Отличный совет, подумал я, только моё сердце мне ничего не подсказывало, но мне понравилось, как сказала дама, но не понравился трамвай, похожий на железного динозавра, вынырнувшего из мезозоя или по крайней мере из кинохроники тридцатых годов прошлого века. Выкрашенный, будто наспех, в желтый цвет, с криво наклеенным плакатом на боку: улыбающаяся мужская небритая физиономия и надпись крупными буквами над ней: «Покупайте лезвия для бритья „Восток“! Идеально сбривают не только щетину но и верхний слой эпидермиса вместе с мелкими паразитами под ним! Пригодны так-же для заточки карандашей, разрезания попон, вскрывания вен!» Но ещё больше не понравилась физиономия водителя в кабине трамвая: тёмная, усатая, заросшая чёрной густой щетиной чуть ли не до половины шеи. Такую щетину, подумал я, даже лезвия «Восток» не возьмут!

На меня начали оглядываться спешащие к трамваю люди, а одна высокая, длинноногая блондинка в голубых джинсах, узорных сапогах на высоком каблуке и короткой, едва прикрывающей пупок, то ли меховой куртке, то ли дублёнке, – понимай как хочешь, – из разряда тех дев, что ходят по подиуму в чумовых, напоминающих смирительные рубашки, платьях, тоже посмотрела на меня равнодушным взглядом и села в вынырнувший из-за трамвая такой-же автомобиль, в какой села красивая дама в норковой шубе, только белый. Я вспомнил марку этих авто – «бентли». Некисло вы тут, девчонки, устроились в Москве, лихо крутите импотентов, – сто пудов чаги вам в тарантасы! То есть в бентли. А также в мерседесы, гелендвагены, хаммеры, ламборджини и прочие красивые куртуазные тележки. А интеллигентной пожилой даме, строившей коммунизм, но так его и не достроившей, приходится ездить в трамвае; хоть бы какой-нибудь жулик из новорусских барыг-спекулянтов посадил её в бентли и прокатил до Никитских ворот, девушка сразу бы помолодела лет на двадцать и пригласила бы мэна в знак благодарности жить в палатку в тайге и строить дальше Байкало-Амурскую магистраль прямо до Шанхая, которую не достроили её товарищи в восьмидесятых годах двадцатого века.

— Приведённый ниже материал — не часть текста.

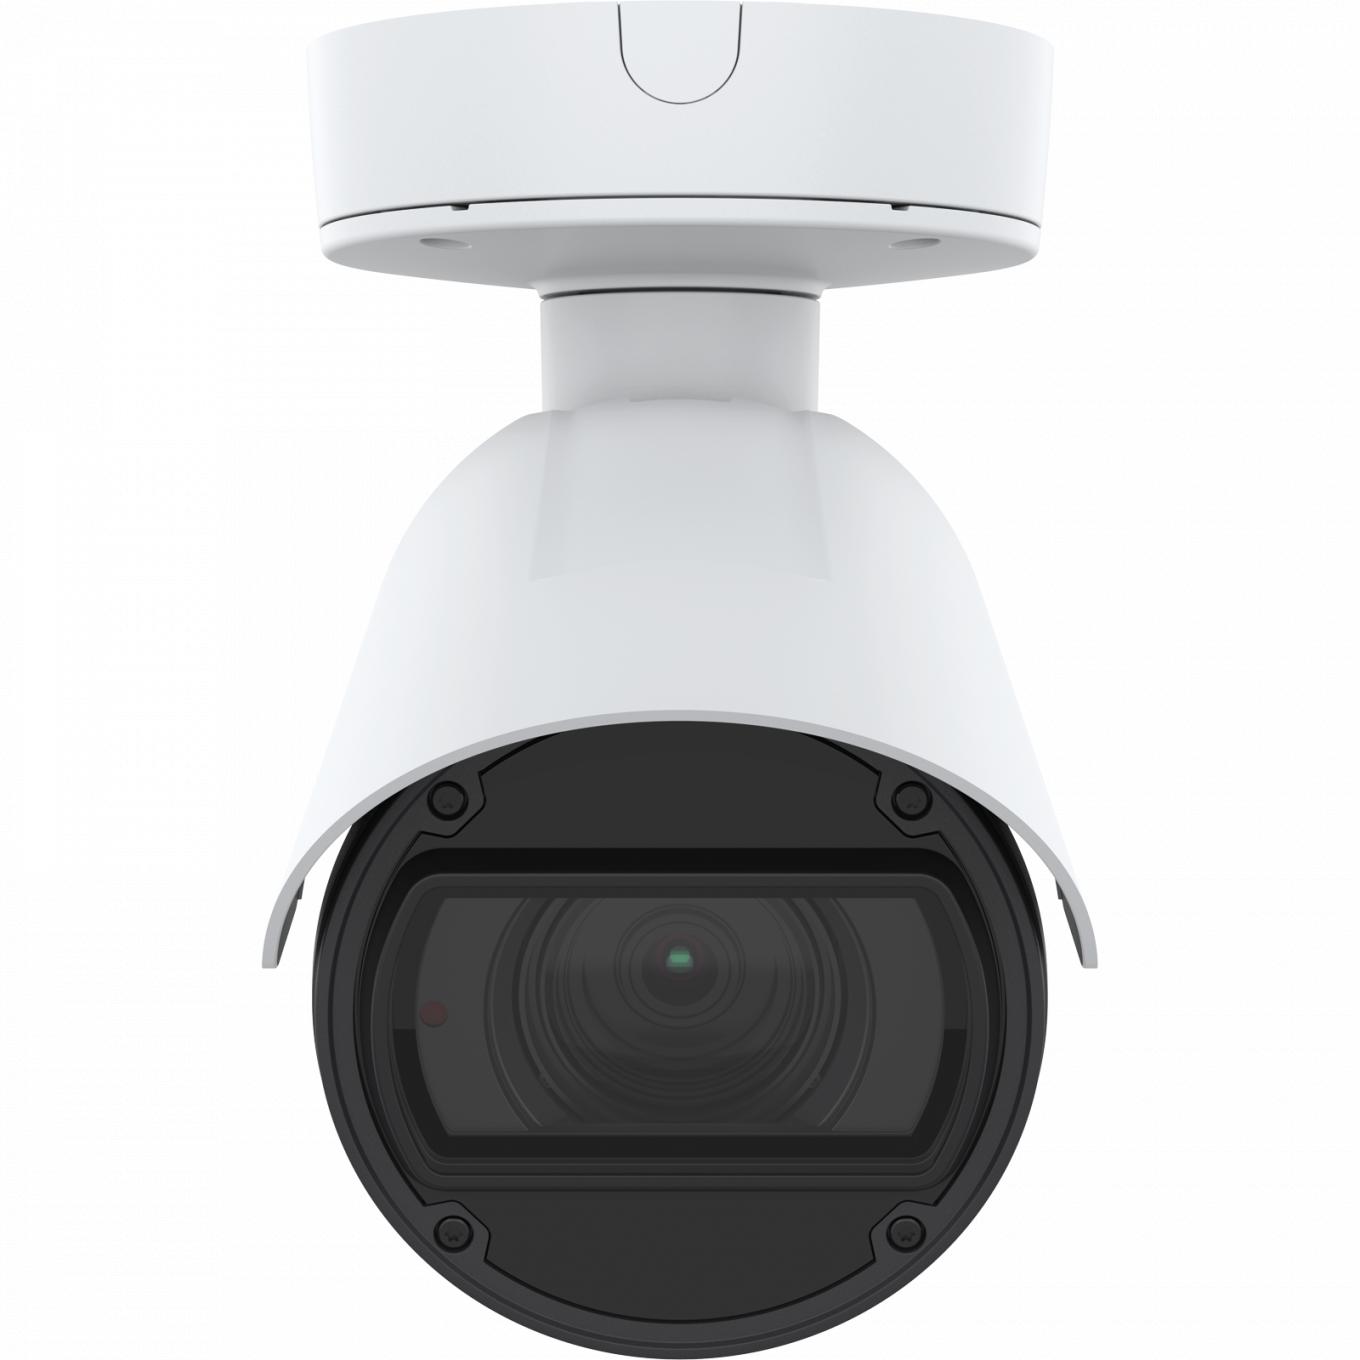 AXIS Q1785-LE IP Camera has OptimizedIR. The product is viewed from its front.

Когда девушка втиснулась в нутро автомобиля, но не как до этого жена бизнесмена, а легко и изящно, и закрыла дверцу, на брусчатку упал какой-то блестящий предмет. Мне показалось, что она уронила его намеренно, с расчётом на меня, и когда бентли отъехал, я подошёл, и, нагнувшись, поднял его. Это был кусок картона розоватого цвета, покрытый блестящей плёнкой, типа магнитной карточки. Повертел в руке. Ничего особенного. На обратной стороне отпечатанная типографским шрифтом цифра «48». «Может это визитная карточка, – подумал я. – Тогда почему в неё не вписаны инициалы и номер мобильного телефона? Что за секреты дядюшки Поджера*, укравшего из Метрополитен-опера картину Сальвадора Дали «Аптекарь из Фигераса, которому не нужно абсолютно ничего, кроме бутылки португальского портвейна.«* Я хотел выбросить этот кусок картона, но вспомнив взгляд девицы передумал, и сунул его в задний карман джинсов.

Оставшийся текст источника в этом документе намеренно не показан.